Fairgrounds — There are strong signs that the cloud that's hung over the Mother Lode Fairgrounds is lifting. A part-time manager has been hired, new committees formed to solve problems and last weekend a group of volunteers turned out to clean up the place. Volunteers will be the essential element for any resurgence of this ailing facility. The money is just not there to hire all the staff needed to run a first class operation. It will be interesting to see whether the new CEO – who does not live in the area – will be able to engender the enthusiasm the fairgrounds so desperately needs.
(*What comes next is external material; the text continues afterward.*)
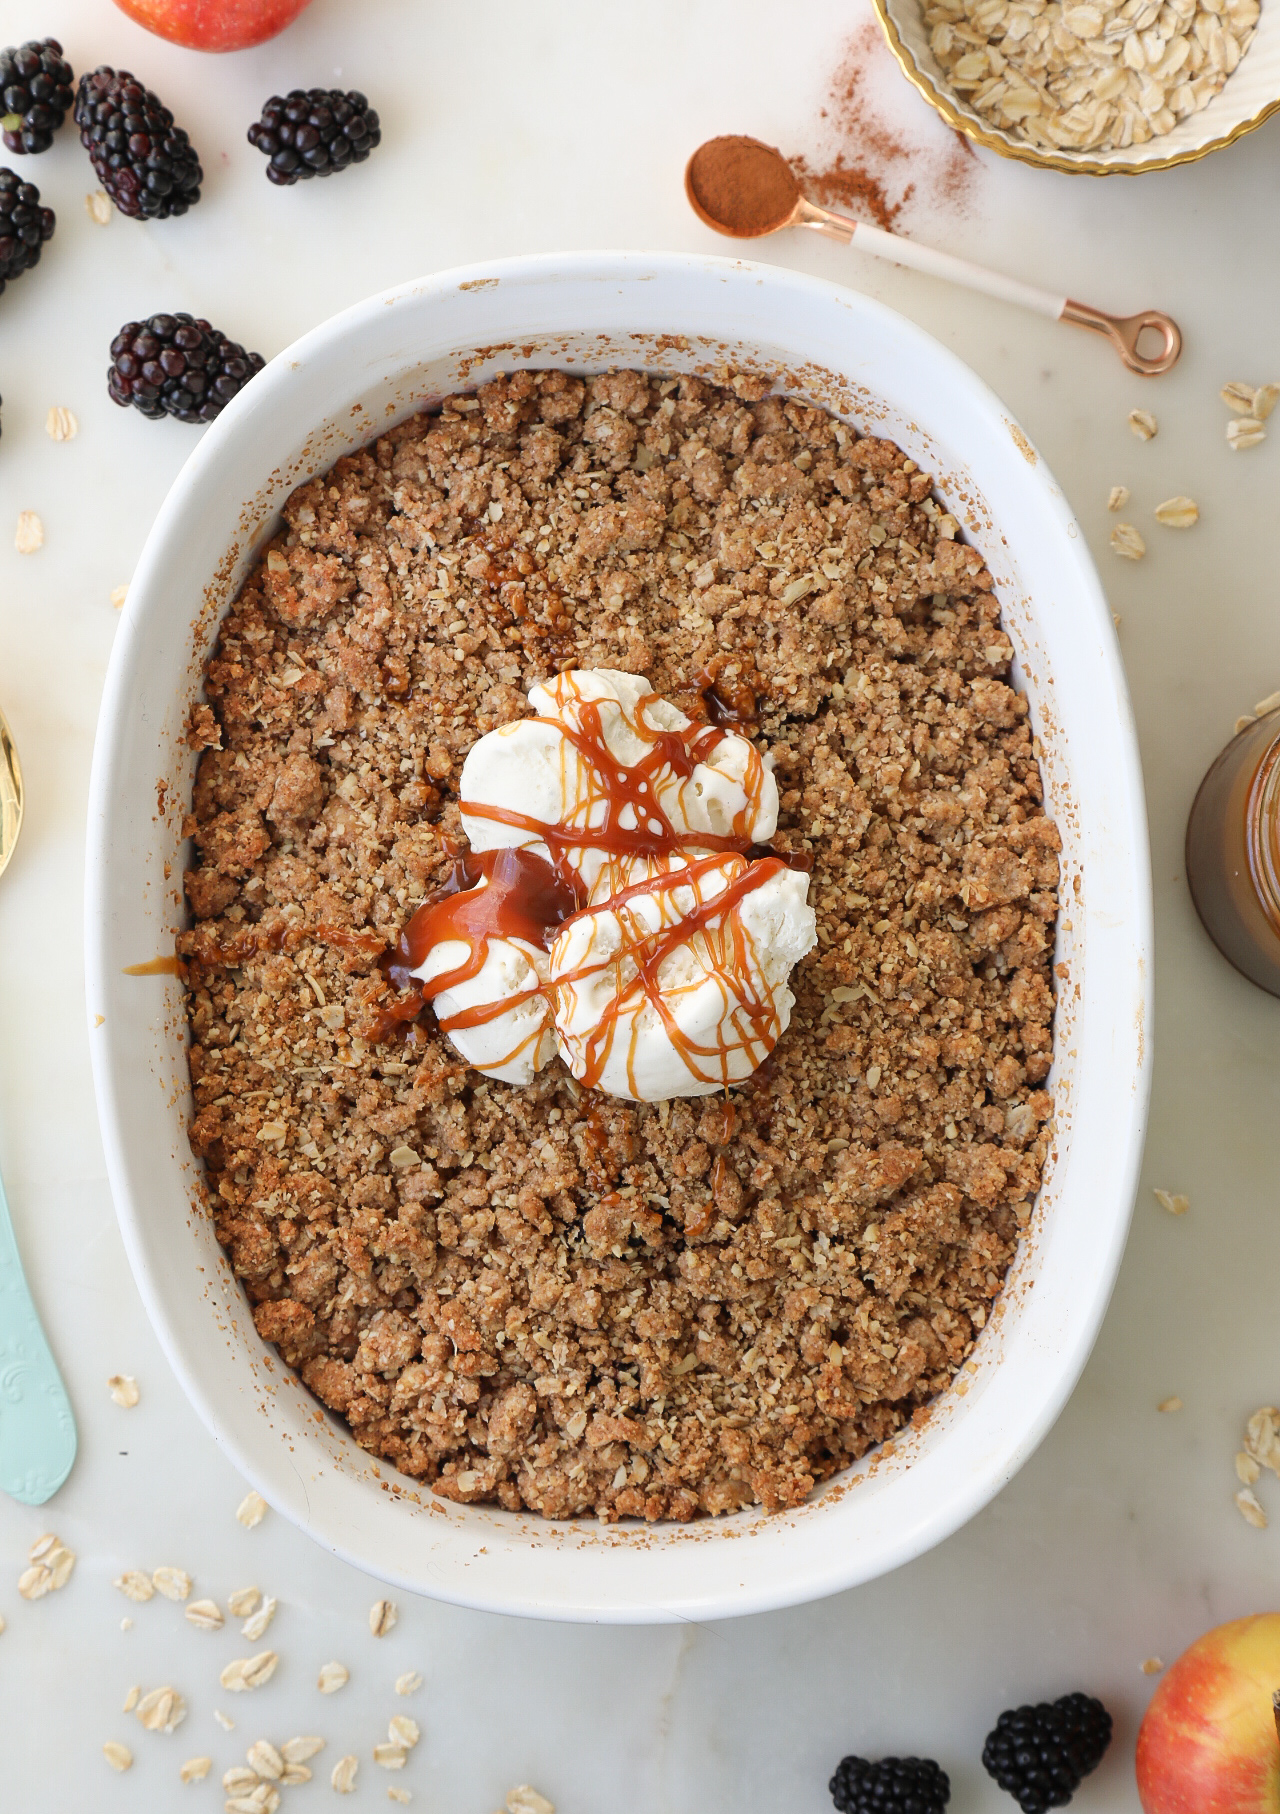 Apple Blackberry Crisp made with Honeycrisp apples and a whole wheat, walnut topping.

Tennis, anyone — Sonora High School has been the recipient of so much criticism of late, it almost seems like piling on to bring up yet another subject. The school's financial problems are at the root of the ill will many feel. Adding to the layoffs and other cuts made by the school board is criticism about the way the Measure J funds have been spent. Now comes a new wrinkle. No money is available to build tennis courts to replace those removed to build the pool or as school officials prefer to call it, the aquatic center. The tennis team uses Columbia College, which while it's an extremely nice facility, is not exactly convenient for parents and players. Or students who want to support the team. And as a letter writer pointed out, many Sonora residents used to use the courts as well. Is there a community leader or company willing to take the lead to get new courts built?
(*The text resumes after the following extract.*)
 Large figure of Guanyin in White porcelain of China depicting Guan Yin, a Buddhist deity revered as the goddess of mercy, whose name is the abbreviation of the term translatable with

Development — The reaction is swift whenever any development proposal is made these days. Dollar General in Columbia, apartments in East Sonora, shopping center in Columbia, now a food court on Highway 49 just outside Sonora. Each one, the opponents say, would change the very fabric of life in the community. It would add to their headaches and troubles. There would be too much light and no benefit to them. Protest is at the essence of American civilization, to be sure, but at what point do we realize that many of the problems facing Tuolumne County stem from lack of development? Of course, developers must pay their fair share and comply with all laws. The food court proposed by Andy Singh and Navneet Bhatia, who own the ARCO ampm, next door is an example of too much protest and not enough thought. The property where the food court would go is occupied by a building that used to be a car dealership. It can only be described as an eyesore. It was built in 1956 and has been vacant for a long time. It's 4,270 square feet. The couple want to build a 3,750-square-foot building for three food-service businesses. “I’m trying to open something that would generate revenue for the town,” Singh told Alex MacLean this week. The Sonora Planning Commission meeting on Monday should let him do it.